▶ [WHAT THE TASK REQUIRES]:
Will you give every entry again exactly as it stands?

:: MATERIALS PROVIDED ::

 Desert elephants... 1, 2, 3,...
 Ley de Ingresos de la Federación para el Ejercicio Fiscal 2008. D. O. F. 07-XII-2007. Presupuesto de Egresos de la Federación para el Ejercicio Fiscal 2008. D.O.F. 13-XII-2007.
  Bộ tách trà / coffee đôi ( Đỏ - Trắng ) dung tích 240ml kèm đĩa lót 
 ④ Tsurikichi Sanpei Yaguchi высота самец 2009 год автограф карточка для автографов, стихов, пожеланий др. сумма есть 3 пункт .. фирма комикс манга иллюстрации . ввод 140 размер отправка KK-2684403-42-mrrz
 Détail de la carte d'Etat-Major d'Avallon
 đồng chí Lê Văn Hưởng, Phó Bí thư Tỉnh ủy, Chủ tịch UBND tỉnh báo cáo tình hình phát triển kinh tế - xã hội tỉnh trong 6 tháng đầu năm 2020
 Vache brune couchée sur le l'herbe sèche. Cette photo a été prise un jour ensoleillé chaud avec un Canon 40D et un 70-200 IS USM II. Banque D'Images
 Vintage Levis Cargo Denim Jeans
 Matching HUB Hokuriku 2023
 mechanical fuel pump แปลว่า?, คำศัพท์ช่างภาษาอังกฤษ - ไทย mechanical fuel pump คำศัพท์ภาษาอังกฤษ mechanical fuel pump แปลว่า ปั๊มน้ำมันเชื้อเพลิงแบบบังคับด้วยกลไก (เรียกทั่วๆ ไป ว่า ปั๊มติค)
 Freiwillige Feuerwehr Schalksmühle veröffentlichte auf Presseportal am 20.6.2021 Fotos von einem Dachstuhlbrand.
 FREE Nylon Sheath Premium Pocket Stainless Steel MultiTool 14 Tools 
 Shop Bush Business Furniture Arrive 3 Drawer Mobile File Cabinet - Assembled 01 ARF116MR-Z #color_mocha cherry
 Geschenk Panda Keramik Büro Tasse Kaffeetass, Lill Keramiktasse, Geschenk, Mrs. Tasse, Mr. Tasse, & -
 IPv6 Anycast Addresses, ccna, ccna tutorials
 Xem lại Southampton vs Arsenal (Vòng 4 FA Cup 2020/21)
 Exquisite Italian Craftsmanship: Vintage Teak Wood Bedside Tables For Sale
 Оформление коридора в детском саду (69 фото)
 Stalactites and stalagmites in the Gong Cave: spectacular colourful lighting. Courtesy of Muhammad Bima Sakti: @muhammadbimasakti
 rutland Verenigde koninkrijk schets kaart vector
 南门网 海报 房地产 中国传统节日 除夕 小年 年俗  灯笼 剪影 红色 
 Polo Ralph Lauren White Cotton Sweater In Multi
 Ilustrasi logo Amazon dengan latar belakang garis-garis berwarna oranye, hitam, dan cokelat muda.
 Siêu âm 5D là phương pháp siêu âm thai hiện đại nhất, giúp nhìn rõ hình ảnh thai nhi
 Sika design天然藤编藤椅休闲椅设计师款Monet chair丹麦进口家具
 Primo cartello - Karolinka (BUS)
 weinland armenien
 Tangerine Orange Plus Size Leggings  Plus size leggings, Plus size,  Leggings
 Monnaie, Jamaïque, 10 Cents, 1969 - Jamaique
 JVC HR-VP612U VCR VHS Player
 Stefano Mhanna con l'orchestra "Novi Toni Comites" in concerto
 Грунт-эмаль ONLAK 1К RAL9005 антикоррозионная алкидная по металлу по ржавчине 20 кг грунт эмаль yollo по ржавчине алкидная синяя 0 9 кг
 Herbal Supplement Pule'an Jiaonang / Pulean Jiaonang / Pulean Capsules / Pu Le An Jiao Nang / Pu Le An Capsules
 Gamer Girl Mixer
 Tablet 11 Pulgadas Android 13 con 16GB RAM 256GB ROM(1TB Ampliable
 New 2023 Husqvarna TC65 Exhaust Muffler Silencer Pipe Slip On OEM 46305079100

:::

▶ [EXERCISE RESULT]:
 Desert elephants... 1, 2, 3,...
 Ley de Ingresos de la Federación para el Ejercicio Fiscal 2008. D. O. F. 07-XII-2007. Presupuesto de Egresos de la Federación para el Ejercicio Fiscal 2008. D.O.F. 13-XII-2007.
  Bộ tách trà / coffee đôi ( Đỏ - Trắng ) dung tích 240ml kèm đĩa lót 
 ④ Tsurikichi Sanpei Yaguchi высота самец 2009 год автограф карточка для автографов, стихов, пожеланий др. сумма есть 3 пункт .. фирма комикс манга иллюстрации . ввод 140 размер отправка KK-2684403-42-mrrz
 Détail de la carte d'Etat-Major d'Avallon
 đồng chí Lê Văn Hưởng, Phó Bí thư Tỉnh ủy, Chủ tịch UBND tỉnh báo cáo tình hình phát triển kinh tế - xã hội tỉnh trong 6 tháng đầu năm 2020
 Vache brune couchée sur le l'herbe sèche. Cette photo a été prise un jour ensoleillé chaud avec un Canon 40D et un 70-200 IS USM II. Banque D'Images
 Vintage Levis Cargo Denim Jeans
 Matching HUB Hokuriku 2023
 mechanical fuel pump แปลว่า?, คำศัพท์ช่างภาษาอังกฤษ - ไทย mechanical fuel pump คำศัพท์ภาษาอังกฤษ mechanical fuel pump แปลว่า ปั๊มน้ำมันเชื้อเพลิงแบบบังคับด้วยกลไก (เรียกทั่วๆ ไป ว่า ปั๊มติค)
 Freiwillige Feuerwehr Schalksmühle veröffentlichte auf Presseportal am 20.6.2021 Fotos von einem Dachstuhlbrand.
 FREE Nylon Sheath Premium Pocket Stainless Steel MultiTool 14 Tools 
 Shop Bush Business Furniture Arrive 3 Drawer Mobile File Cabinet - Assembled 01 ARF116MR-Z #color_mocha cherry
 Geschenk Panda Keramik Büro Tasse Kaffeetass, Lill Keramiktasse, Geschenk, Mrs. Tasse, Mr. Tasse, & -
 IPv6 Anycast Addresses, ccna, ccna tutorials
 Xem lại Southampton vs Arsenal (Vòng 4 FA Cup 2020/21)
 Exquisite Italian Craftsmanship: Vintage Teak Wood Bedside Tables For Sale
 Оформление коридора в детском саду (69 фото)
 Stalactites and stalagmites in the Gong Cave: spectacular colourful lighting. Courtesy of Muhammad Bima Sakti: @muhammadbimasakti
 rutland Verenigde koninkrijk schets kaart vector
 南门网 海报 房地产 中国传统节日 除夕 小年 年俗  灯笼 剪影 红色 
 Polo Ralph Lauren White Cotton Sweater In Multi
 Ilustrasi logo Amazon dengan latar belakang garis-garis berwarna oranye, hitam, dan cokelat muda.
 Siêu âm 5D là phương pháp siêu âm thai hiện đại nhất, giúp nhìn rõ hình ảnh thai nhi
 Sika design天然藤编藤椅休闲椅设计师款Monet chair丹麦进口家具
 Primo cartello - Karolinka (BUS)
 weinland armenien
 Tangerine Orange Plus Size Leggings  Plus size leggings, Plus size,  Leggings
 Monnaie, Jamaïque, 10 Cents, 1969 - Jamaique
 JVC HR-VP612U VCR VHS Player
 Stefano Mhanna con l'orchestra "Novi Toni Comites" in concerto
 Грунт-эмаль ONLAK 1К RAL9005 антикоррозионная алкидная по металлу по ржавчине 20 кг грунт эмаль yollo по ржавчине алкидная синяя 0 9 кг
 Herbal Supplement Pule'an Jiaonang / Pulean Jiaonang / Pulean Capsules / Pu Le An Jiao Nang / Pu Le An Capsules
 Gamer Girl Mixer
 Tablet 11 Pulgadas Android 13 con 16GB RAM 256GB ROM(1TB Ampliable
 New 2023 Husqvarna TC65 Exhaust Muffler Silencer Pipe Slip On OEM 46305079100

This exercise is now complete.